A downhill slide
Tuesday, November 20, 2012
I"ve been babying my recently dislocated hip and it still really does feel unstable. I"ve been too scared to use the recumbent bike and can hardly walk even across my house as my feet ankles and legs are so painful. I was thinking that Enbrel was helping last week, but this week is a different story. I'm in quite a lot of pain. Hands, feet, and legs. My neck too has been very "vocal".
I"ve been struggling with some depression also. Feeling like things are on a downward slide and feeling helpless to stop the tumble. My best friend, fellow sparker VXWALL1942 is in the hospital not doing well at all and I'm extremely worried about her.

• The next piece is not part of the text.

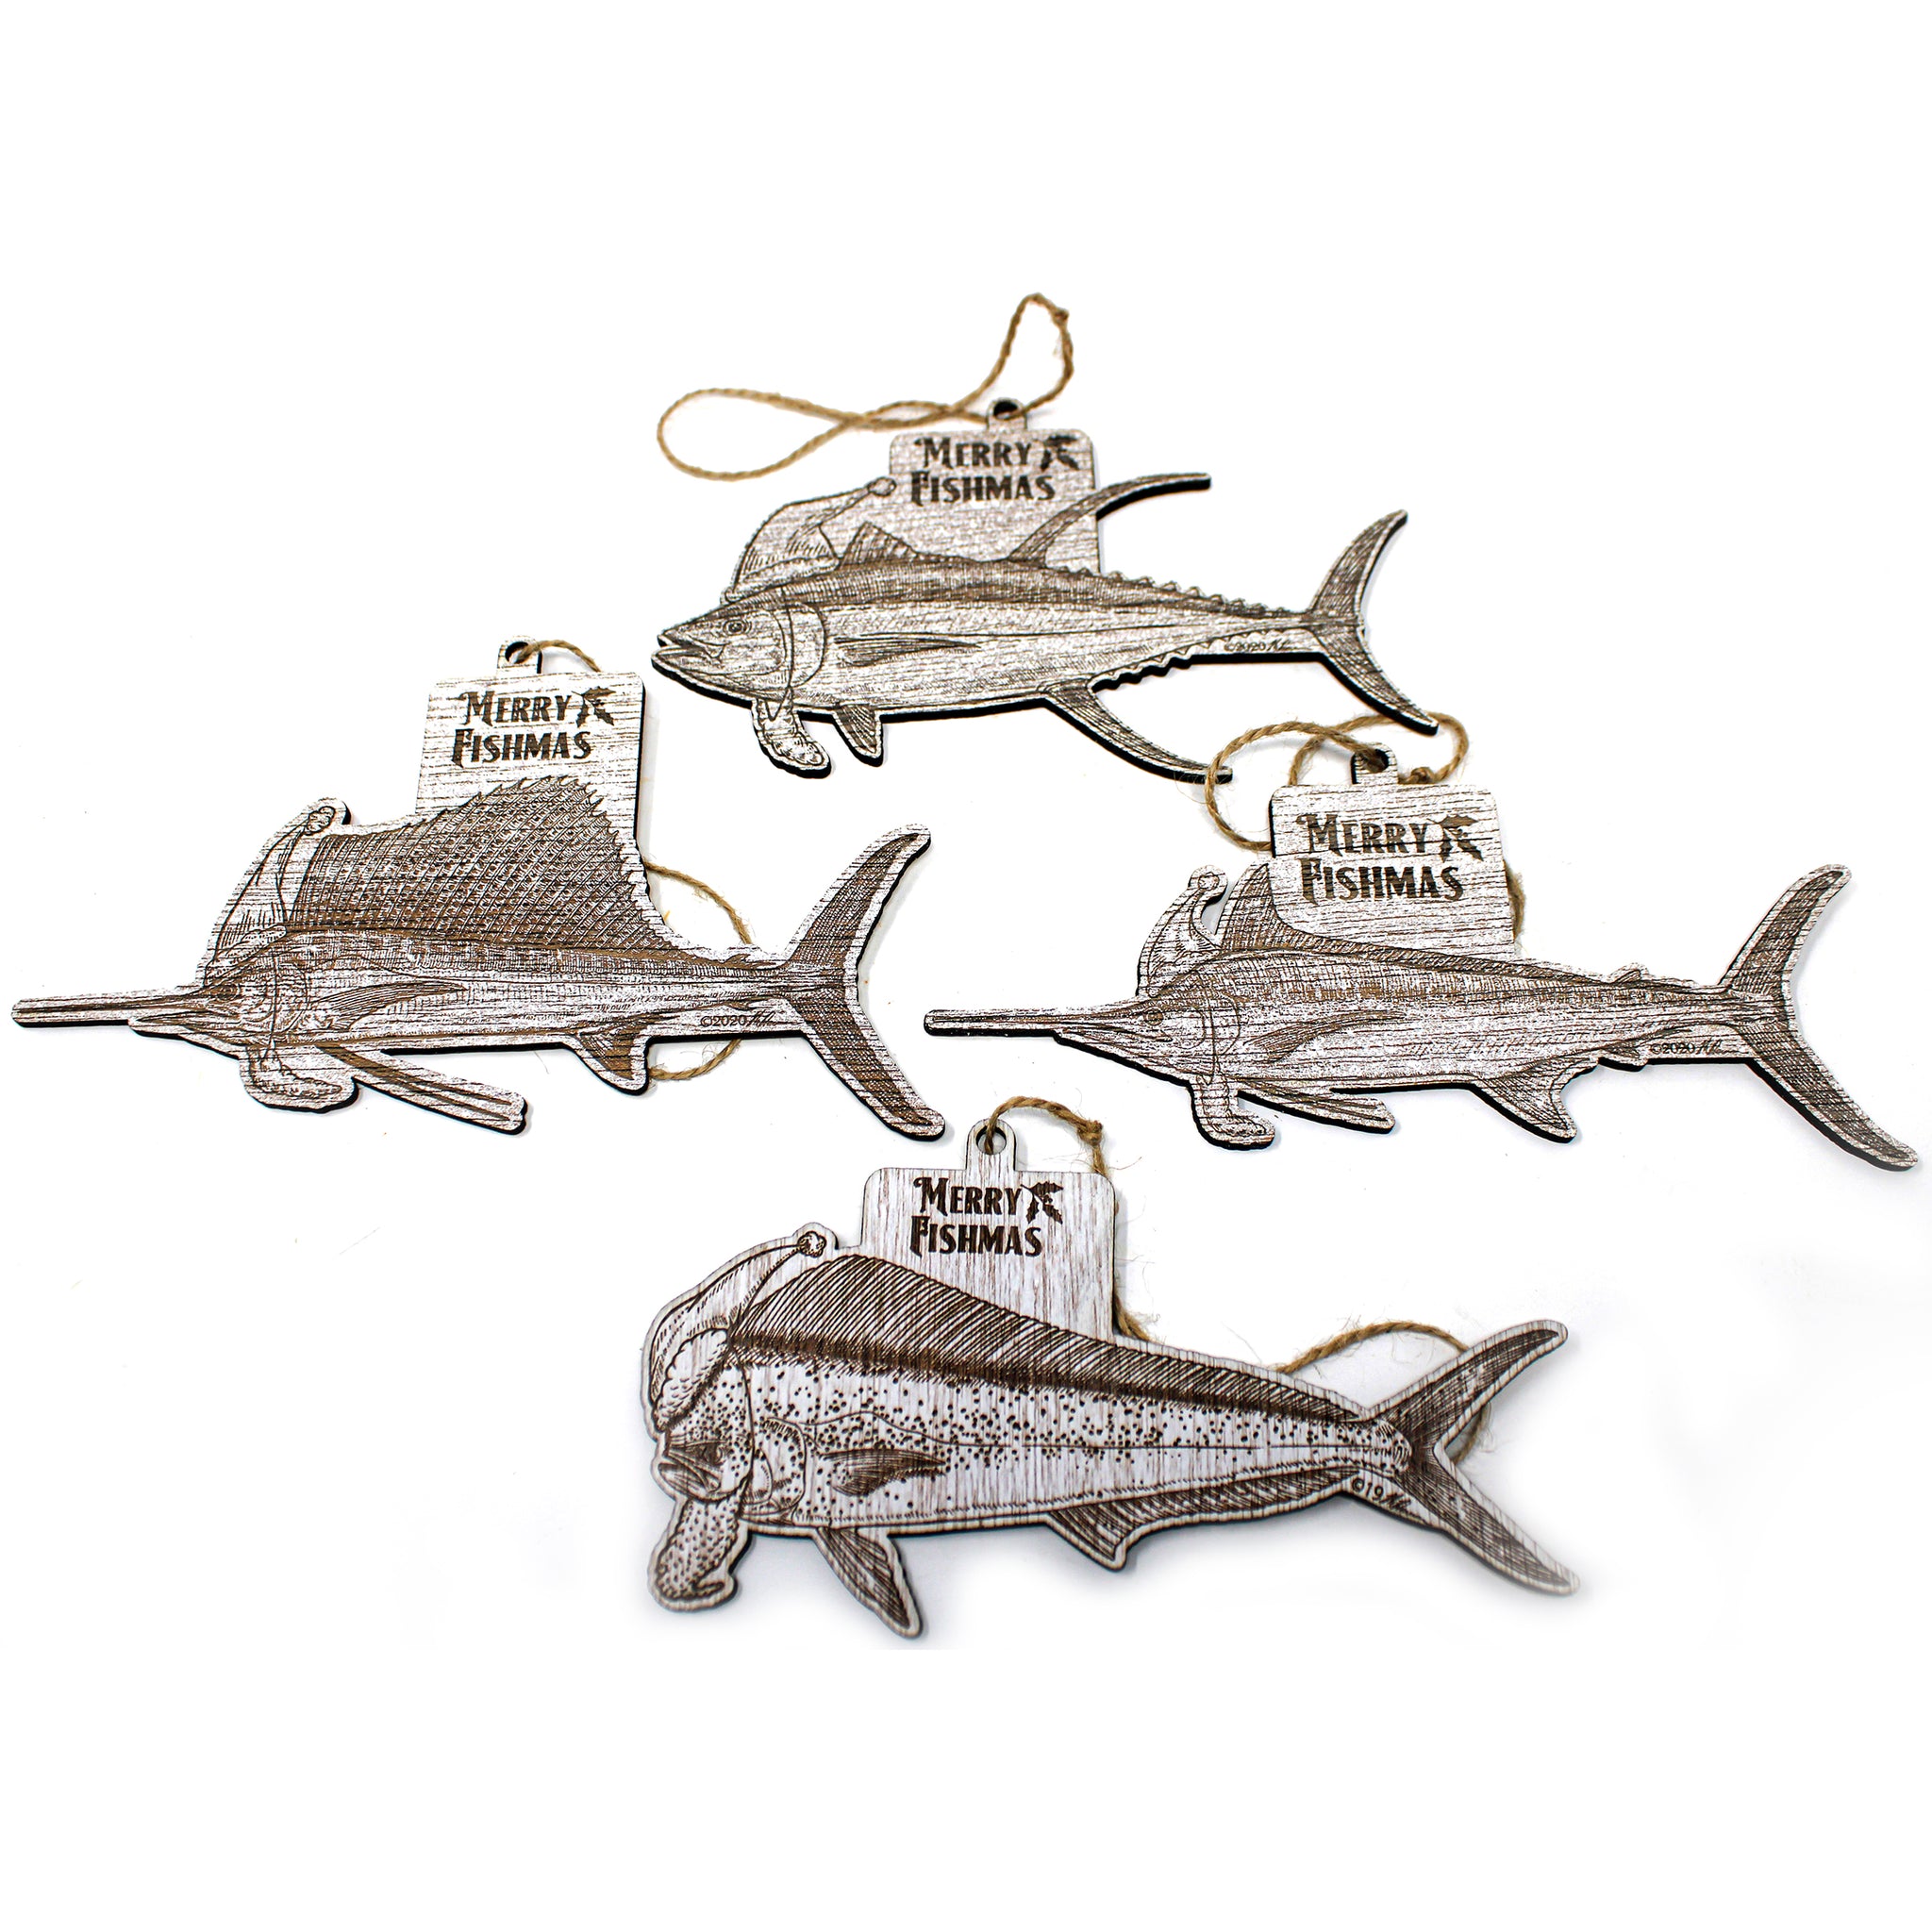 Wood Christmas Ornaments - Offshore Slam Fishmas Ornaments

I have paid no attention at all to my weight or to what I'm eating. Because there's not much of anything in the house, I've not been eating a lot.....but who knows what the scale will say??? maybe I'll get the nerve up tomorrow to weigh myself. Sometimes I think , "You know, life is more important than watching everything I put into my mouth. I will never be able to be really physically active so maybe I should just resign myself to my current weight and just attempt not to get any bigger than I am." Maybe I should look for some other ways to spend my time. Maybe there is some craft I can do. I just got the "PRO" version of the art software that goes along with my art tablet...maybe I should spend some "quality"time creating and mastering the software. especially now that my chat partner is incapacitated.
I don't know. I need to do something quickly to reinterest myself in life.
I apologize to my fellow RAD Team members...I've not been the greatest leader lately. Iwill try to do better.